Lovely writing, as always, March.
Hey, you can come sit by me! I was surprised by how mixed the reactions were to the column. Very educational for me.
Hey March –
I think this is one of a few times I have commented on this blog (although it is a permanent part of my morning readings….). I really enjoy your writing – you have a beautifully succinct prose, delicately detailed – just enough to make us feel that we are there with you – not only visually, but emotionally too…..that’s good writing.
Kudos to you,
Marko
Hey, Marko — thanks for delurking! It’s always nice to hear from a new, friendly voice.
I love this essay, you at your most evocative. I couldn’t comment until I had thoroughly meditated on the Modern Love column. I admire the concept, but personal application…..I don’t think I could do it, probably because there are no children at home to sustain. Marriage enters a whole new phase when the nest is empty. Anyway, thanks for your gorgeous images.
Thanks, doll. I am not sure I could do it either, but (like climbing a mountain?) there’s a part of me that wonders if I *could* do it. If I wanted it bad enough, you know?
Man, when my nest is empty I’ll be, like, 120 years old.
Really nice essay. Please oh please teach me how to make sticky rice! I can’t stand having to pay $6-something for one serving at the “Galangal Palace” or whereever every time I want some.
As for Modern Love, I really appreciate that attitude. Of course, I’m very, very single (and not always happily so), so take my approval with a grain of salt. The idea of putting a huge part of your life and happiness in someone else’s hands and being at their whim sort of freaks me out, so I like that writer’s attitude. It certainly is what some would call “zen like”, but it’s just what I, as a wannabe/sometimes/not-very-good practitioner would call plain ole Buddhist philosophy, and there’s nothing really “saintly” OR passive-aggressive about that. It’s quite mundane, really. My belief is that there’s gotta be some happy medium between dispassionate detachment (which may seem cold and ‘cyborg’-like) and the grand-soap-opera-style of relationship management (which I feel so many Americans practice, aptly described by your gasoline-and-match metaphor). I again highly recommend the writing of Cheri Huber in these and all matters. 😉
Joe, thanks for your thoughtful reply. I am sure part of it is my age, and the stage many of my friends/acquaintances are in right now. There’s a lot of anger and blame in these two-decade relationships, and a fair percentage are imploding under the stress. And in general, the anger/entitlement of folks in public in this area blows me away. When I am the calmest person in a situation, something is wrong. 🙂 So I had this sense of wonder reading her approach. Could I do it? Probably not. But I don’t feel like it was a foolish choice.

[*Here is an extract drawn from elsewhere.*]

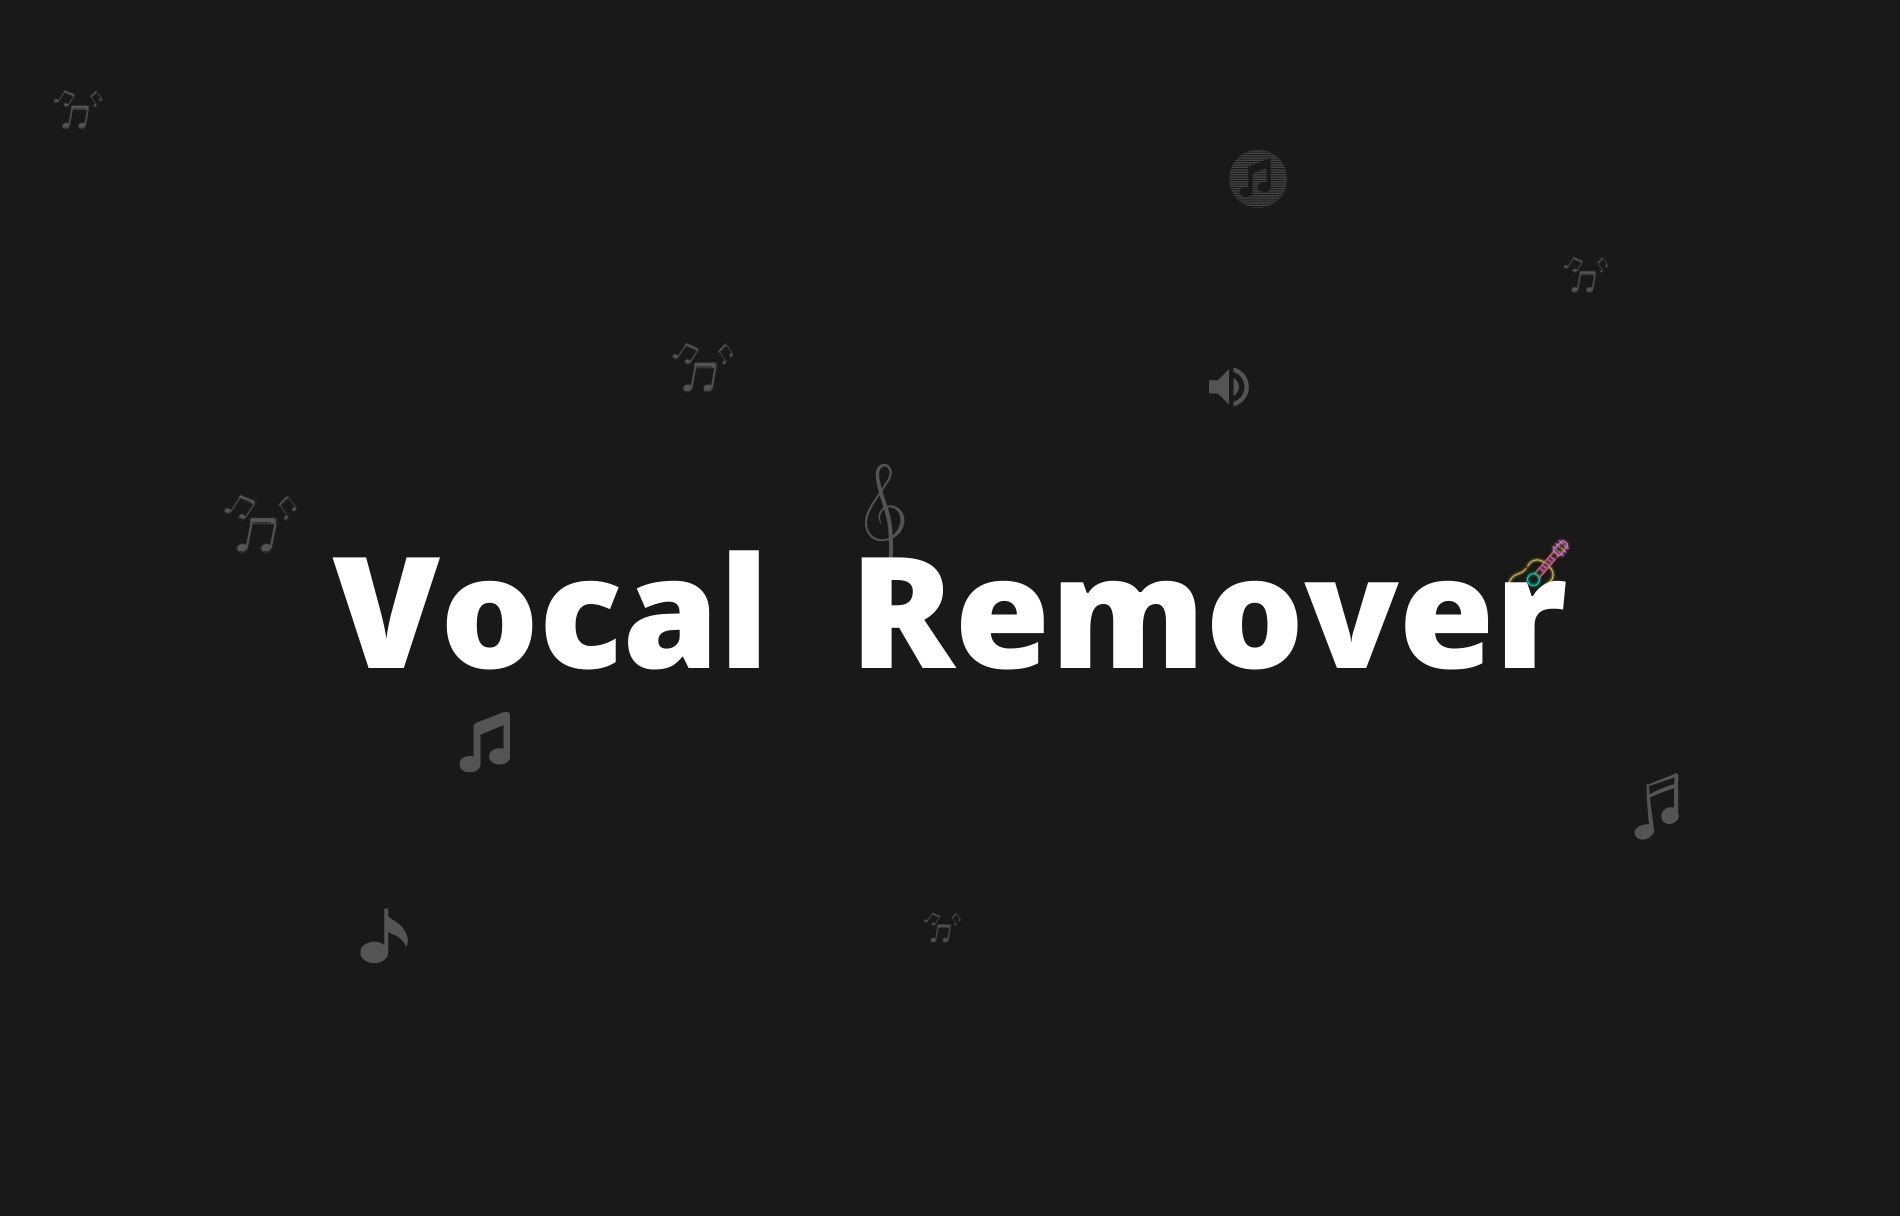 Vokal remover
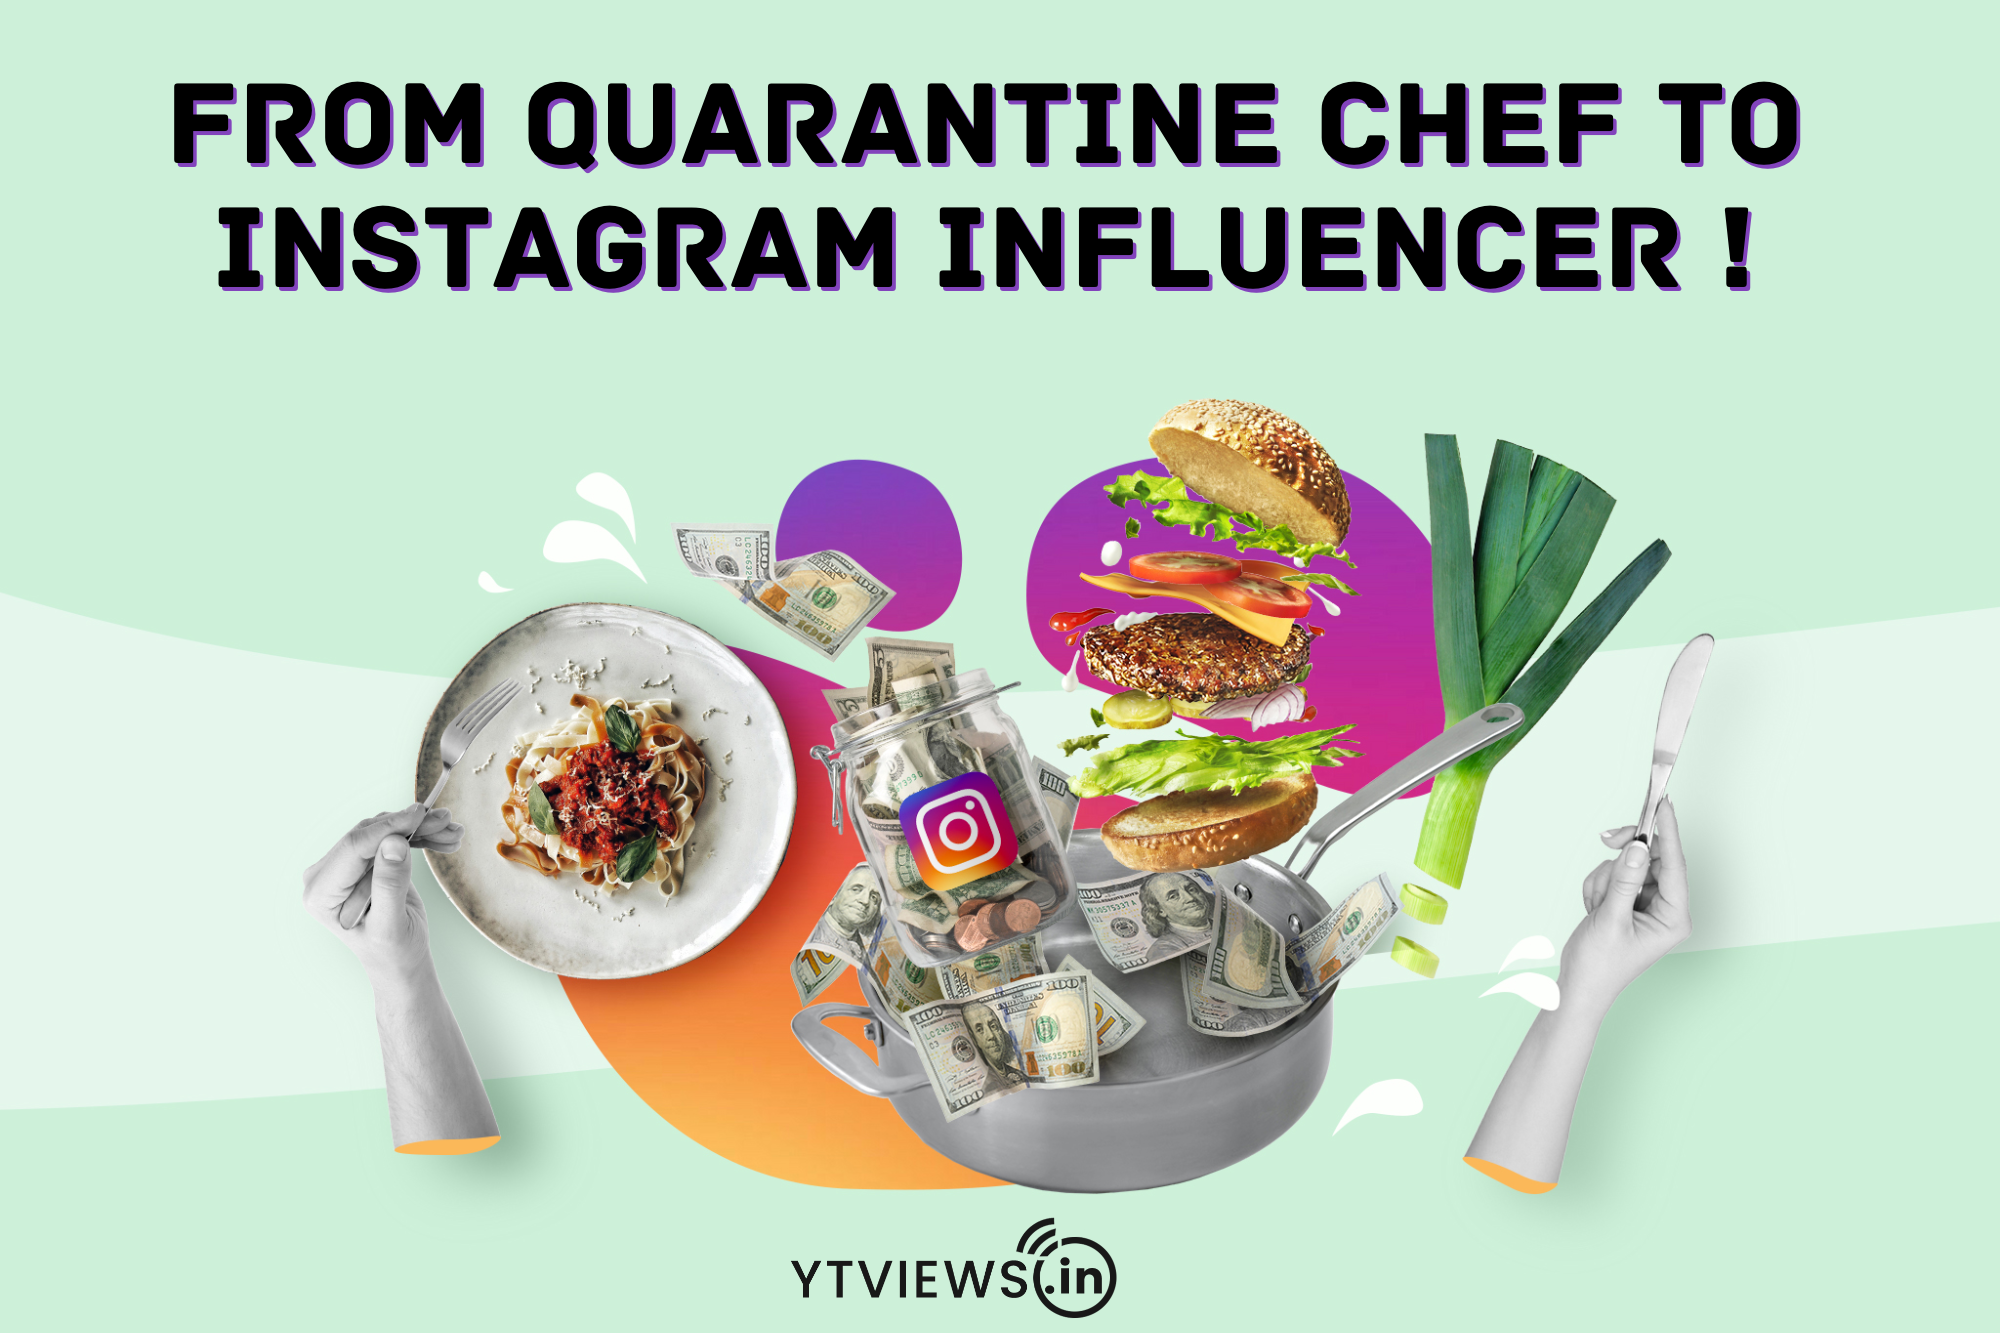 From quarantine chef to Instagram influencer!

The dispassionate part of what I see in Buddhism, particularly as practiced in countries like Thailand and Cambodia, is a whole different thing I struggle with, and we can save that for some other discussion. 🙂
I may not share your philosophy, but I do share your love of sticky rice! You have to start with the proper rice — buy “sweet rice,” a glutinous variety you can find at Asian groceries — then soak it overnight, steam it, and when it’s done, pour hot sweetened coconut milk over it and let it soak in for about half an hour. Nirvana!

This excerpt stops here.